§ SUPPLIED MATERIAL
-- Opening Marker --

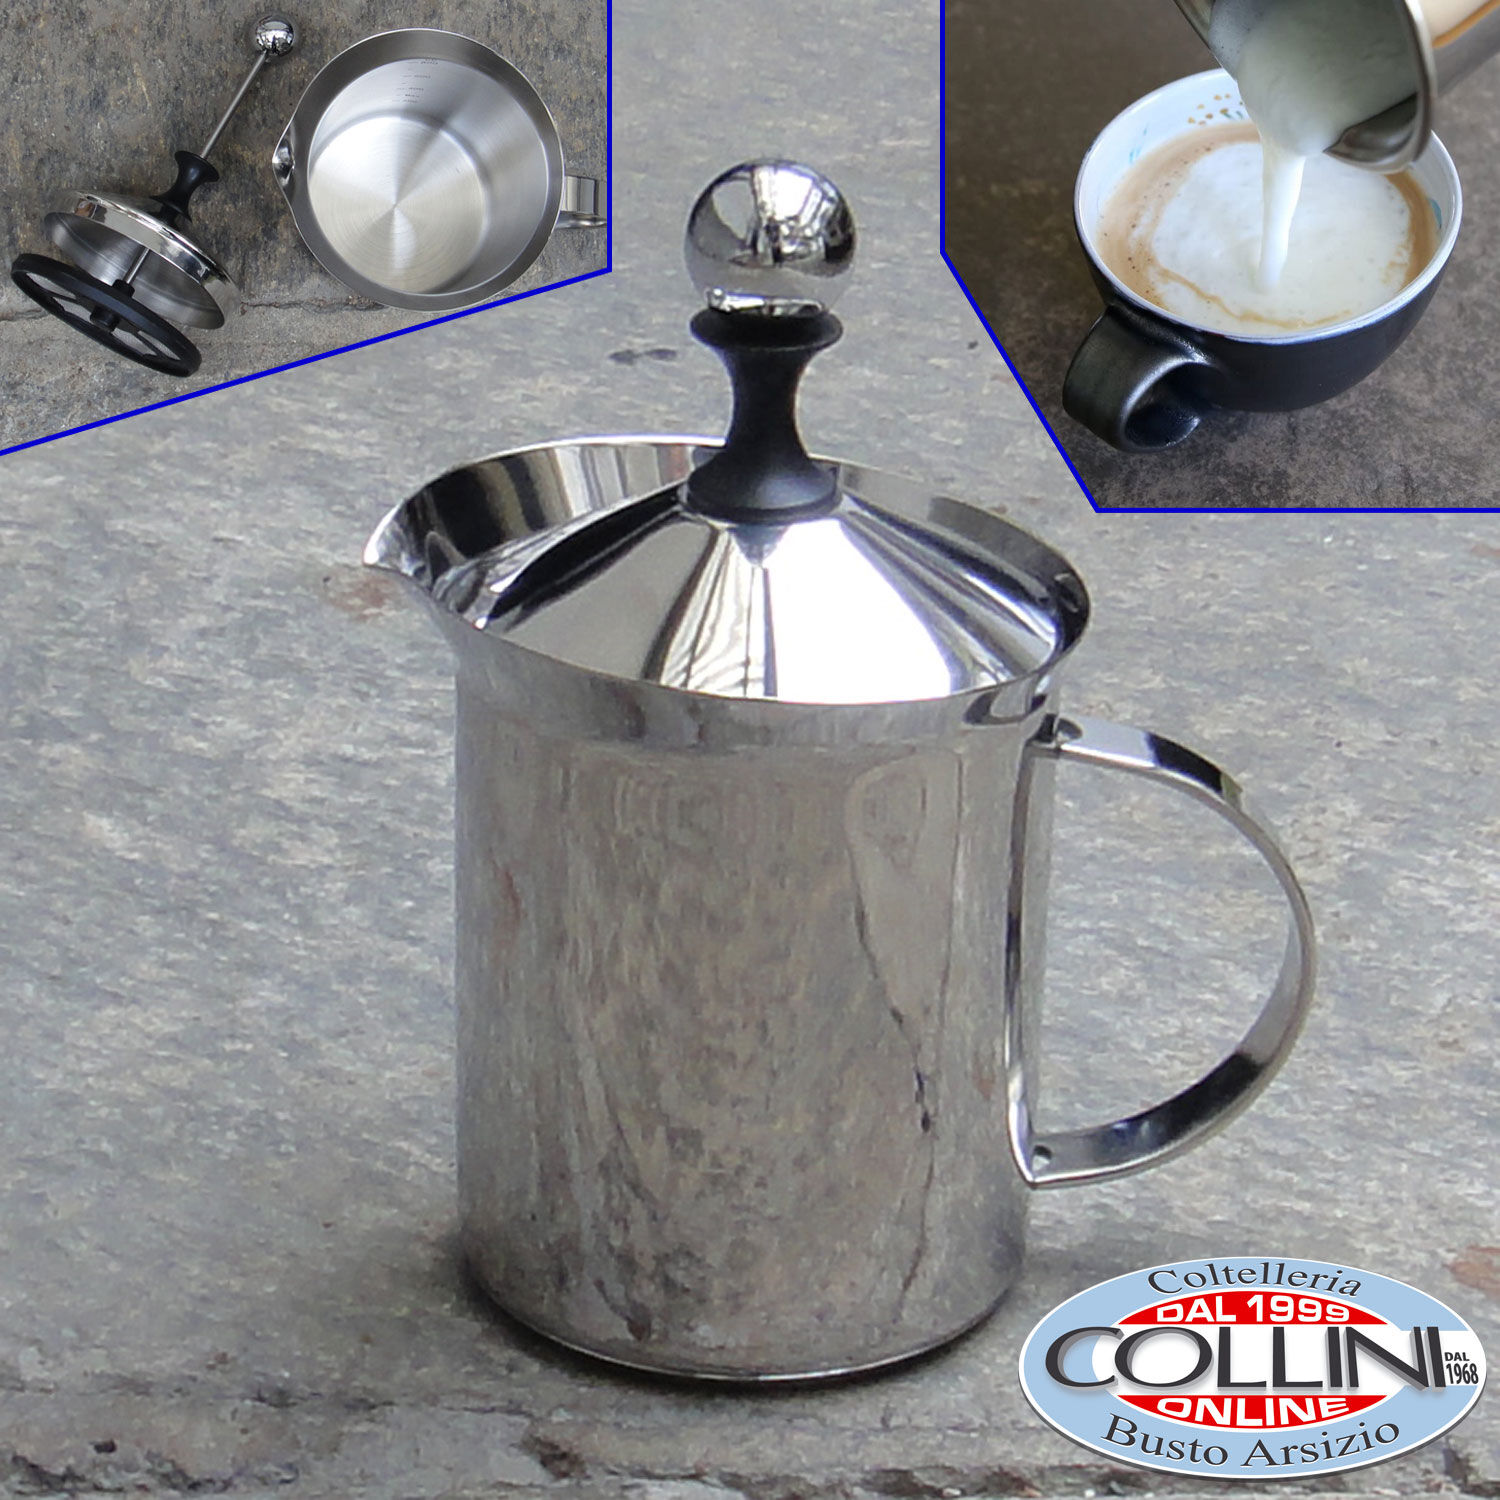 https://www.coltelleriacollini.com/media/catalog/product/cache/2d742e981ffa5c28990fe05a9b6044c9/image/62459ed1/cilio-classic-milk-frother-cappuccino-creamer.jpg
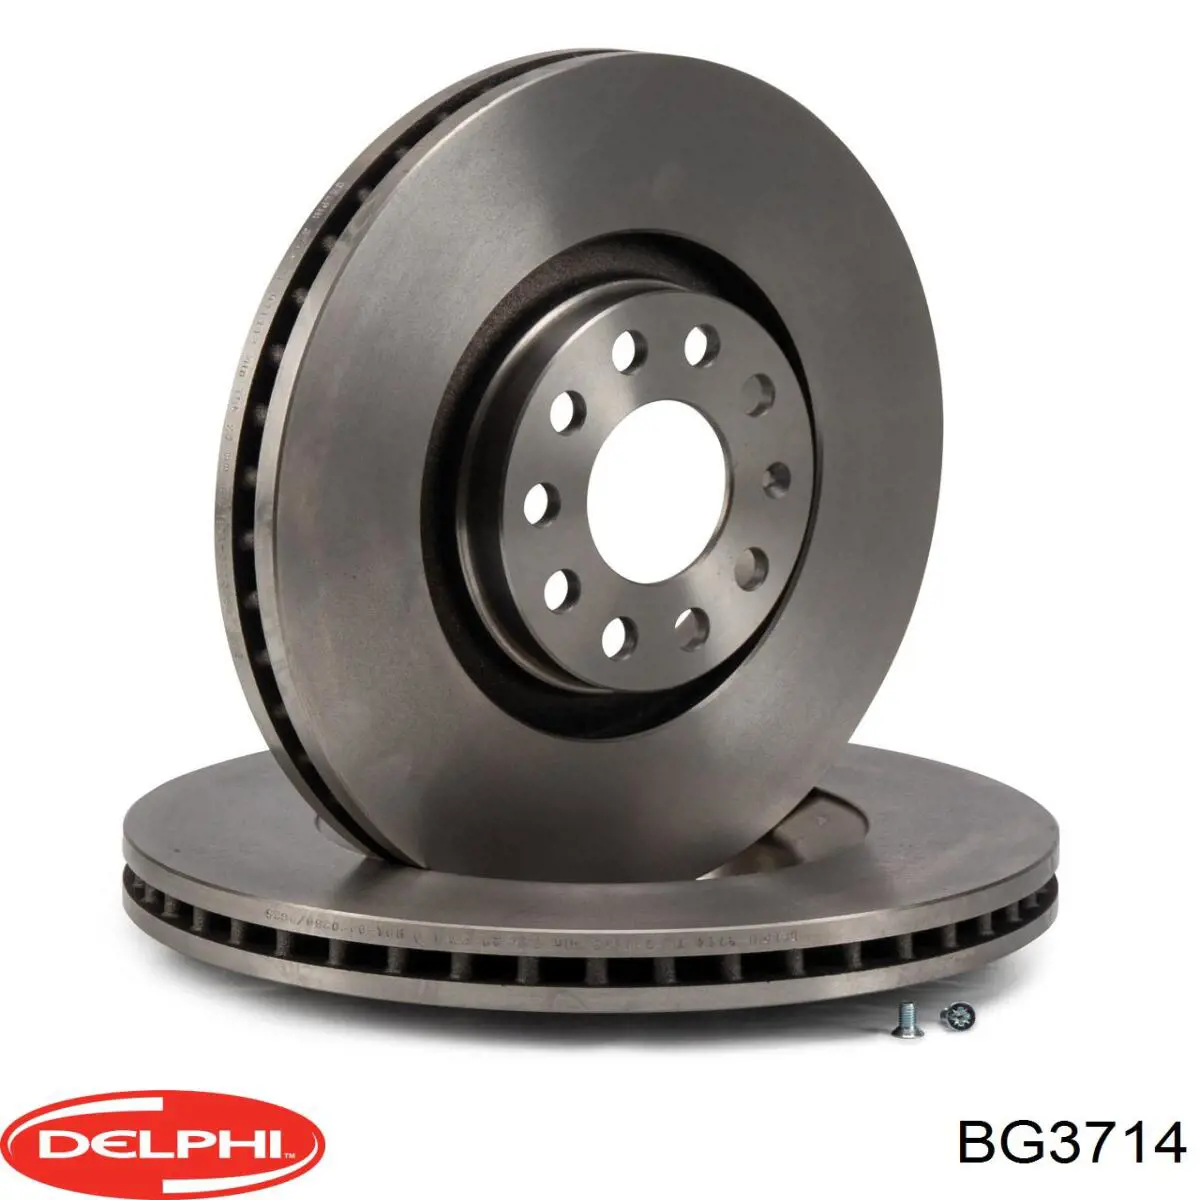 BG3714 Delphi disco do freio dianteiro
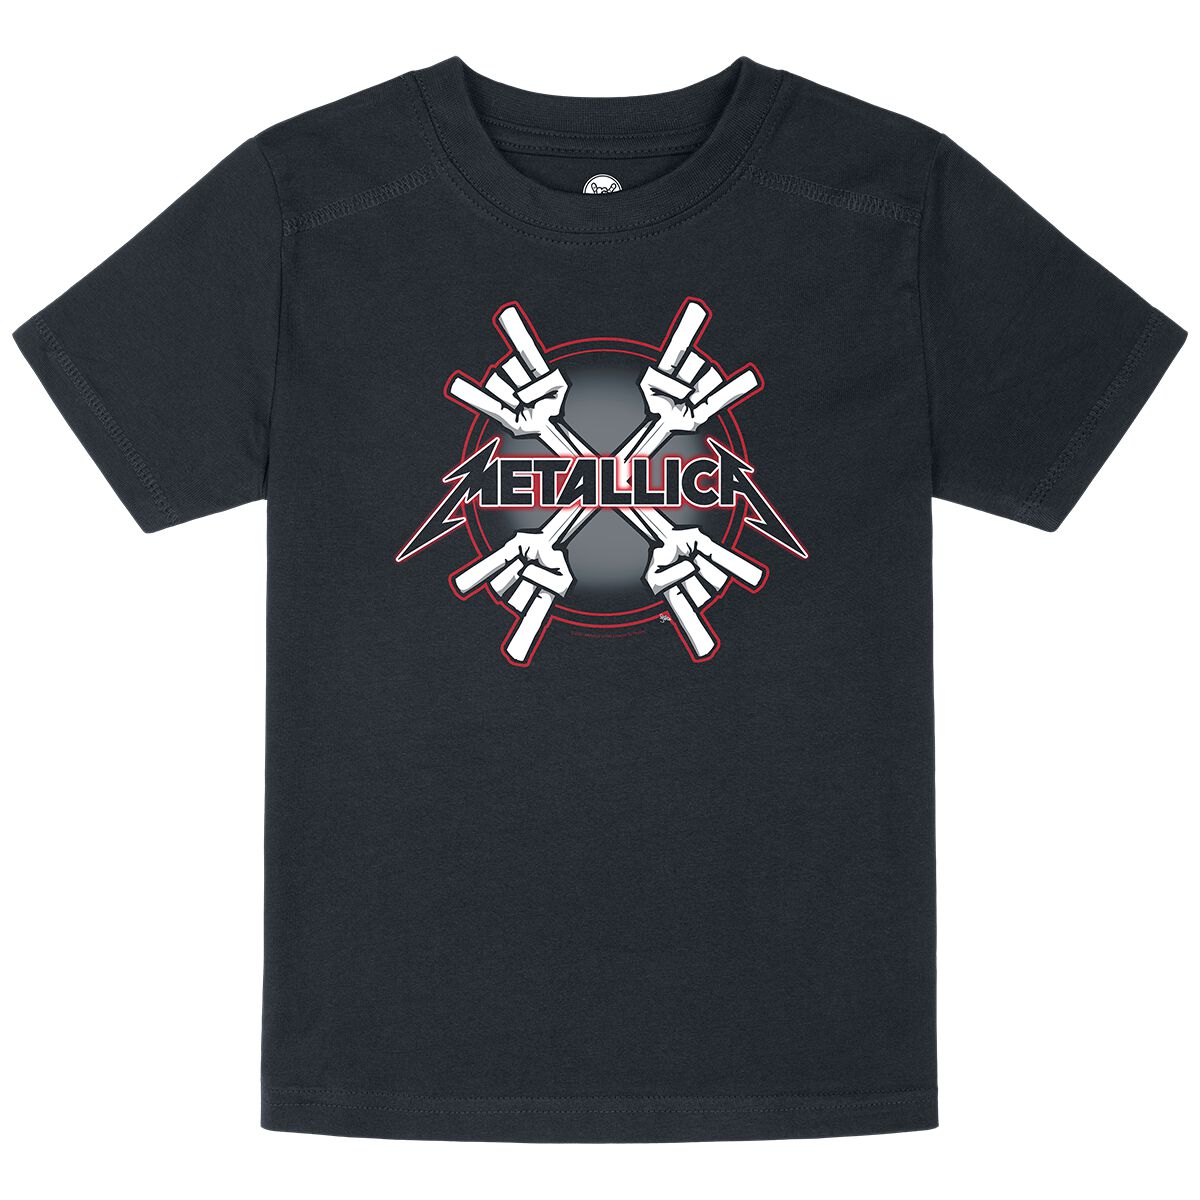 Metallica T-Shirt für Kleinkinder - Metal-Kids - Crosshorns - für Mädchen & Jungen - schwarz  - Lizenziertes Merchandise!
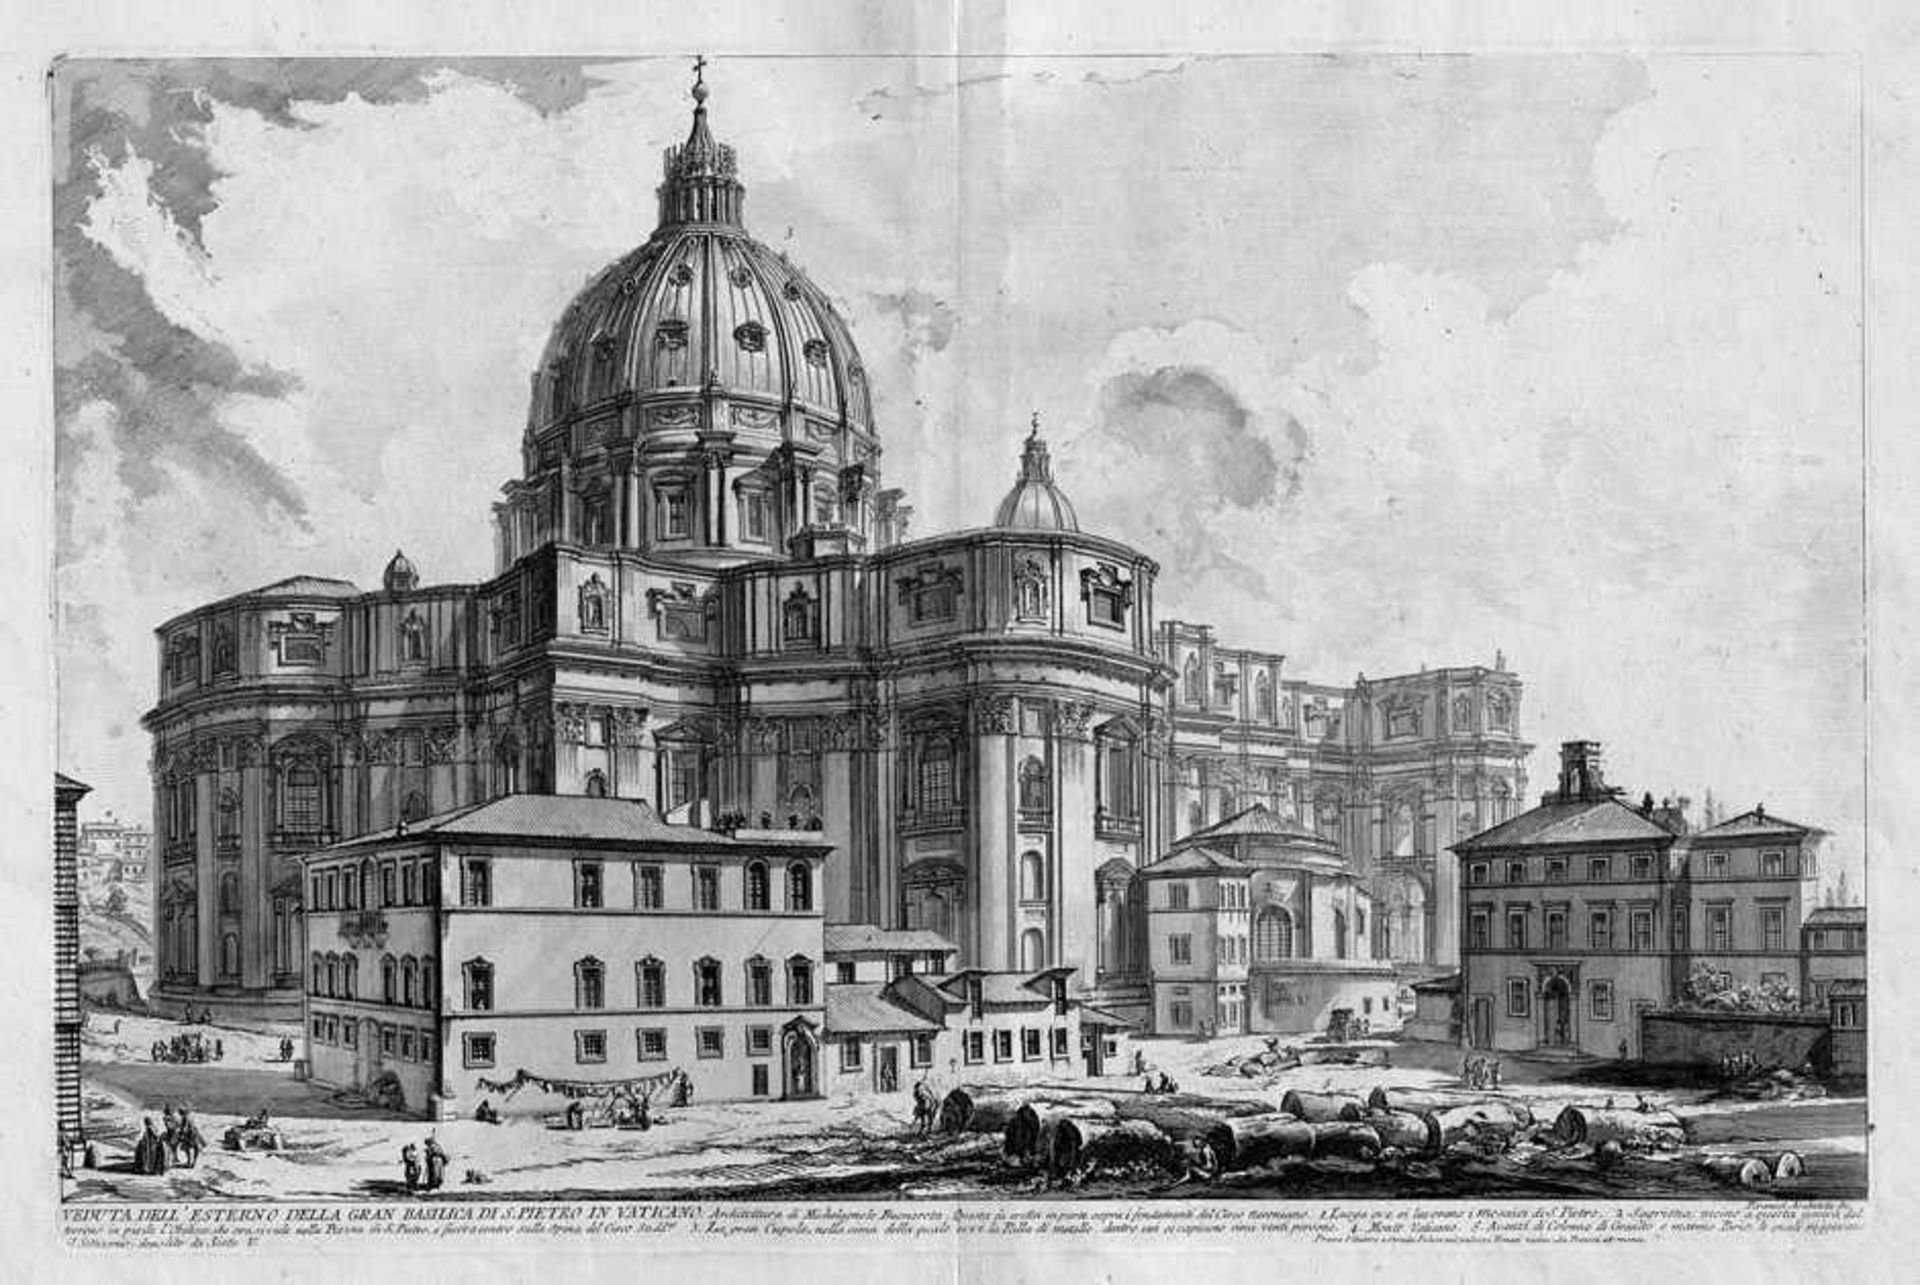 Piranesi, Giovanni Battista: Veduta dell' Esterno della gran Basilica di S. Pietro in Vaticano

-- Closing Marker --

§ PROBLEM DETAILS
Every line above goes into the copy unchanged; the pictures do not.

§ EXERCISE OUTPUT
 https://www.coltelleriacollini.com/media/catalog/product/cache/2d742e981ffa5c28990fe05a9b6044c9/image/62459ed1/cilio-classic-milk-frother-cappuccino-creamer.jpg
 BG3714 Delphi disco do freio dianteiro
 Metallica T-Shirt für Kleinkinder - Metal-Kids - Crosshorns - für Mädchen & Jungen - schwarz  - Lizenziertes Merchandise!
 Piranesi, Giovanni Battista: Veduta dell' Esterno della gran Basilica di S. Pietro in Vaticano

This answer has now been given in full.